■ **The problem**
Retype exactly what appears below from the line containing "Romeo and Giulietta" down to the line containing "No Road Markings, sign, new", keeping both end lines. Do not include pictures.

■ **Records for processing**
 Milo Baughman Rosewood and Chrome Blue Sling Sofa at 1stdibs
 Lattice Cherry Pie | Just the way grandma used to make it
...
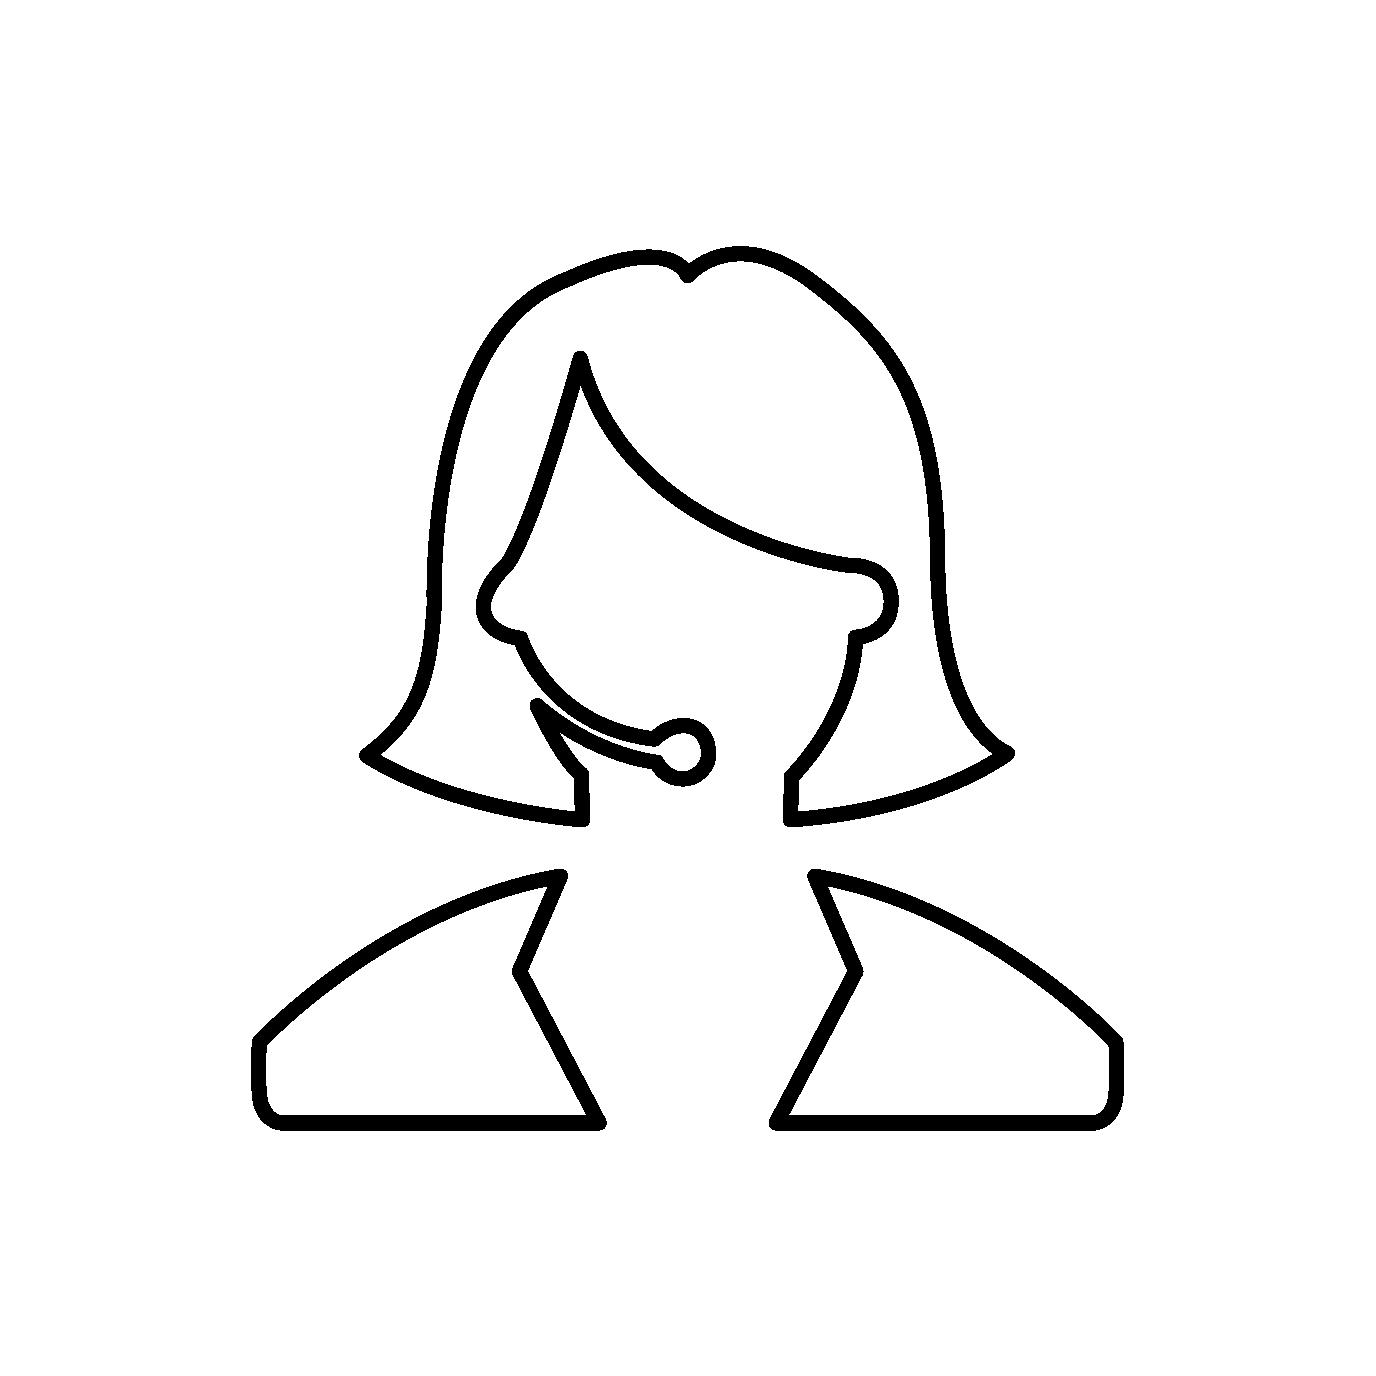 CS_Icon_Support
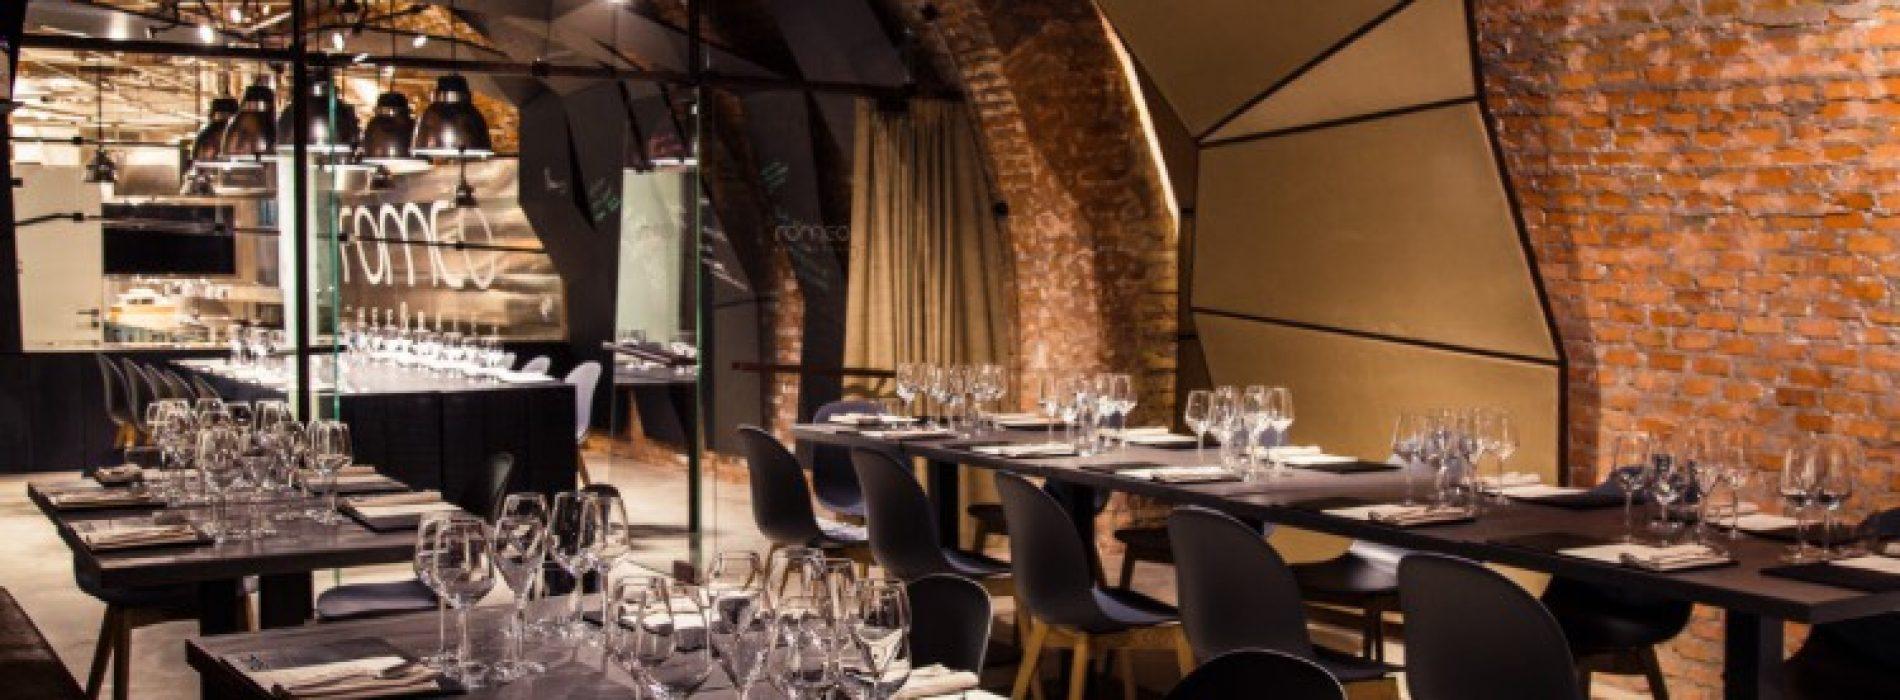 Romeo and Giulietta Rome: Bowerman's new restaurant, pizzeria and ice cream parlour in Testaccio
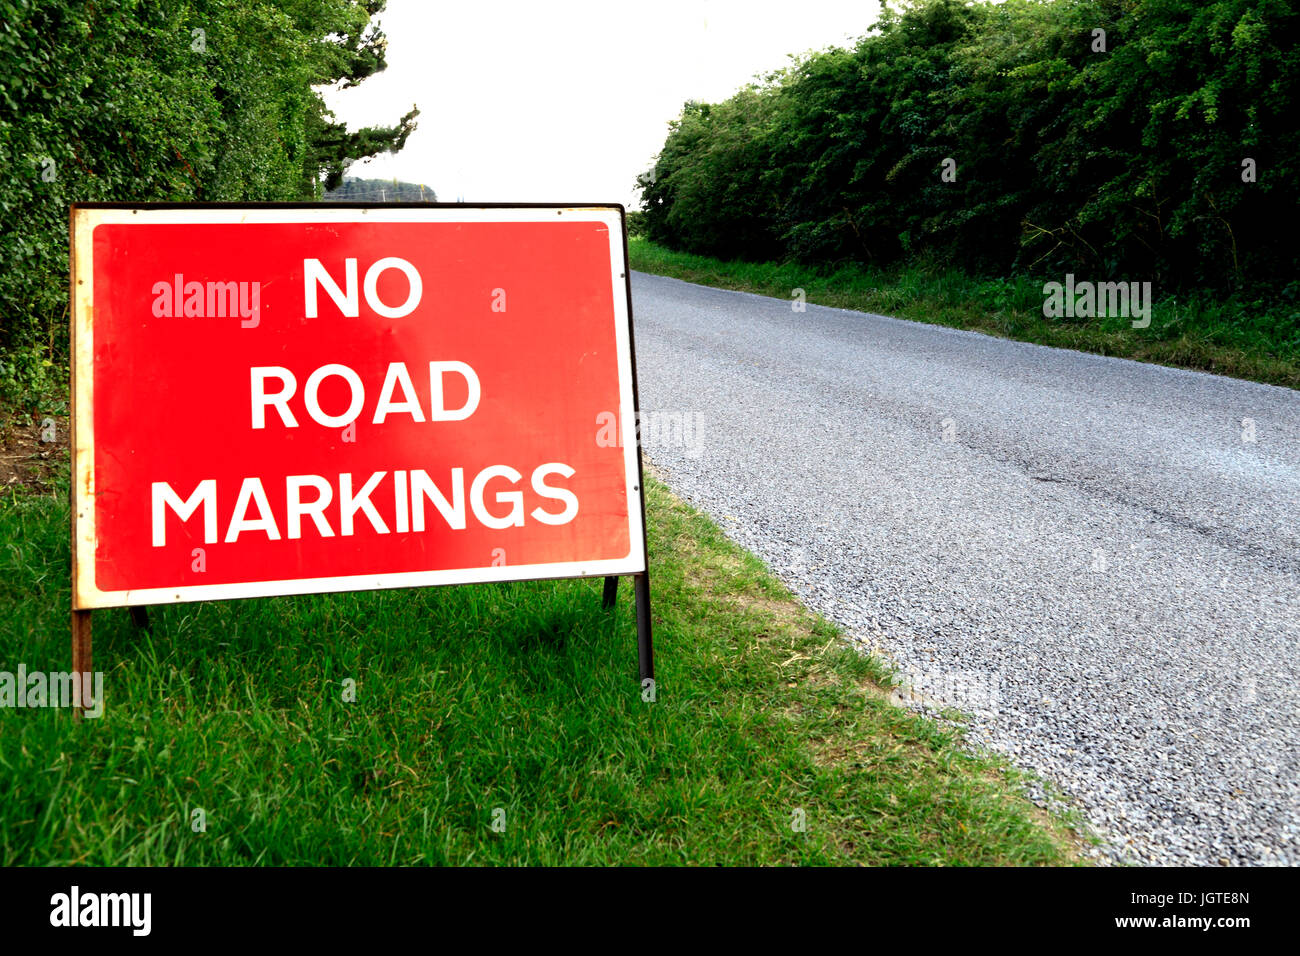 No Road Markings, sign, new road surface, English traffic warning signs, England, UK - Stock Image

■ **Exercise output**
 Romeo and Giulietta Rome: Bowerman's new restaurant, pizzeria and ice cream parlour in Testaccio
 No Road Markings, sign, new road surface, English traffic warning signs, England, UK - Stock Image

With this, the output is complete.